Als die inzwischen mit einem Mann namens Yoav verheiratete Erzählerin zu einem Literaturfestival nach Berlin eingeladen wird, schlägt sie dem Veranstalter vor, die Collage „Dichter in Preußen“ als szenische Lesung aufzuführen und ruft dann A. an, obwohl sie sonst nie miteinander telefonieren. Er begeistert sich sofort für die Idee und will die Regie übernehmen. Kurz vor dem Beginn des Festivals platzt das Vorhaben jedoch aus irgendwelchen Gründen. Sie reist nach Berlin und nimmt an den Veranstaltungen teil, versucht jedoch nicht, A. zu treffen, der seit der Absage der Festivalleitung nichts mehr von sich hören ließ.

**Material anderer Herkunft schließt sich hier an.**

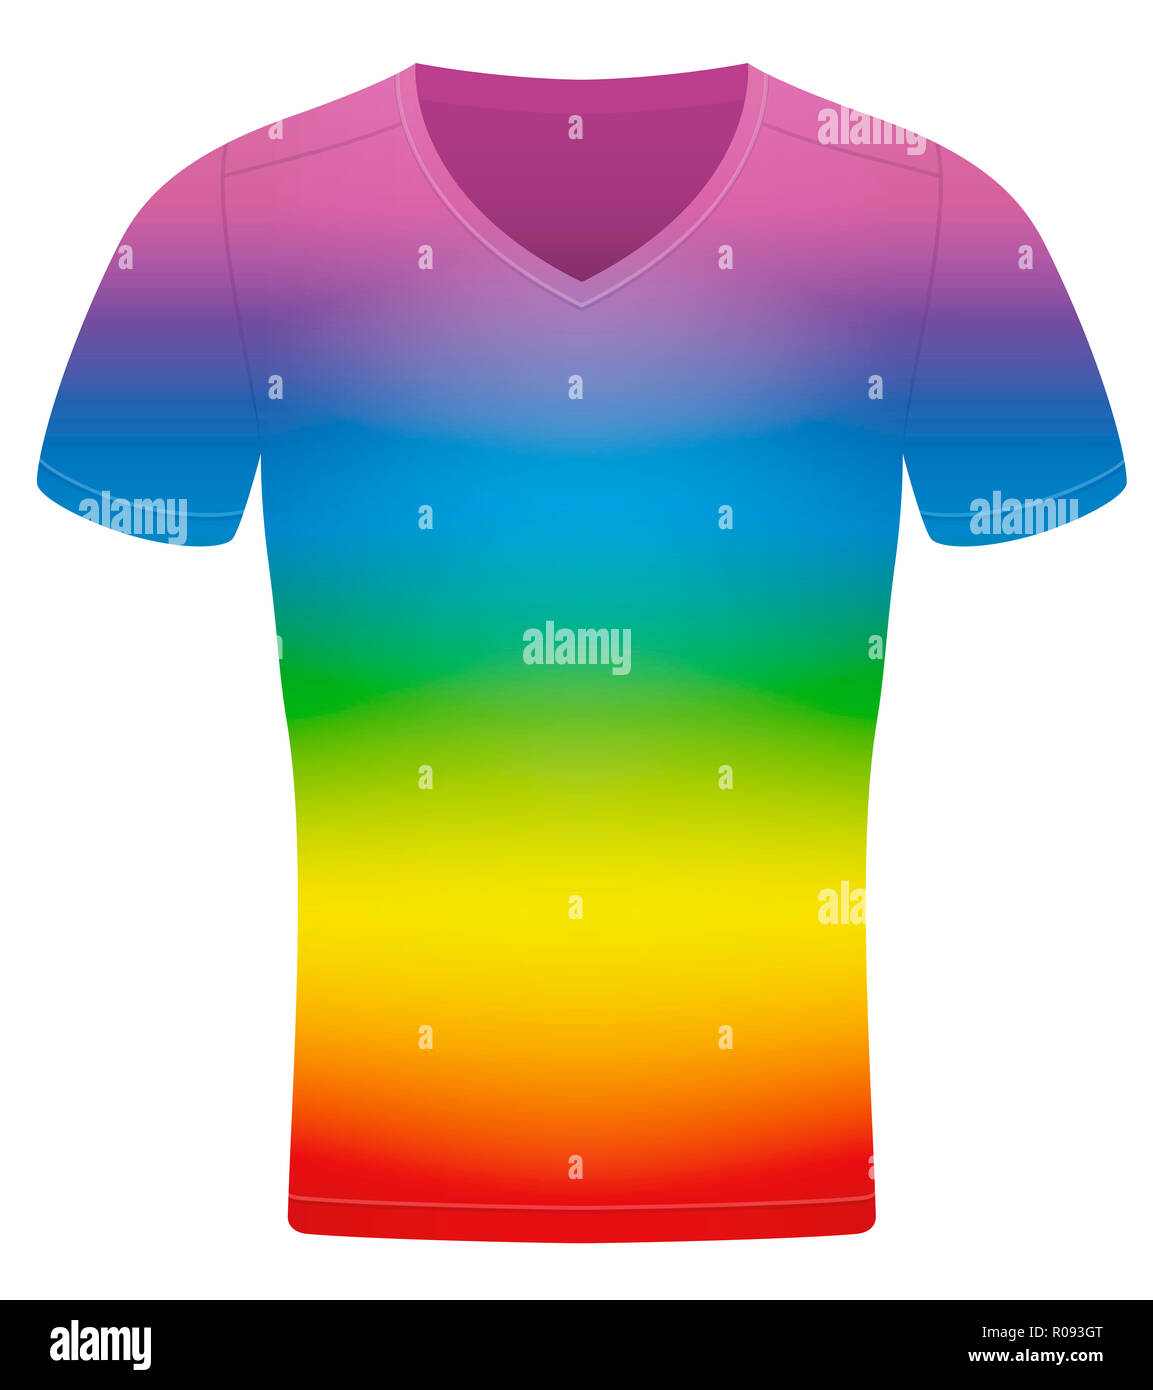 Camisa arcoiris Imágenes recortadas de stock - Alamy

Erst einige Wochen nach dem Berlin-Besuch erhält sie einen Brief von ihm. Weil er sich erneut kritisch und verständnislos darüber äußert, dass sie nach den orthodoxen jüdischen Regeln lebt, antwortet sie nicht mehr und beendet nach 26 Jahren und 9 Monaten die Korrespondenz mit ihm.

Bald darauf erfährt sie aus der Zeitung, dass er nach kurzer Krankheit gestorben ist.

Wenn ich an A. denke, bin ich verletzt, beleidigt, fühle mich abgewiesen und ausgenutzt, er ist mir fern, fremd, unverständlich, und ich liebe ihn.
Wir sind, wie man so sagt, im Bösen auseinandergegangen. Unversöhnt.
A. ist jetzt tot.

Seine letzte Lebensgefährtin schickt ihr ihre Briefe zurück. Es sind allerdings nur die, die sie noch in der DDR geschrieben hatte. Hob er nur diese auf? Warf er die späteren Briefe weg? Sie legt die Briefe und andere Erinnerungsstücke an ihn in eine Blechkiste, die sie als „Gruft der Korrespondenz“ versteht.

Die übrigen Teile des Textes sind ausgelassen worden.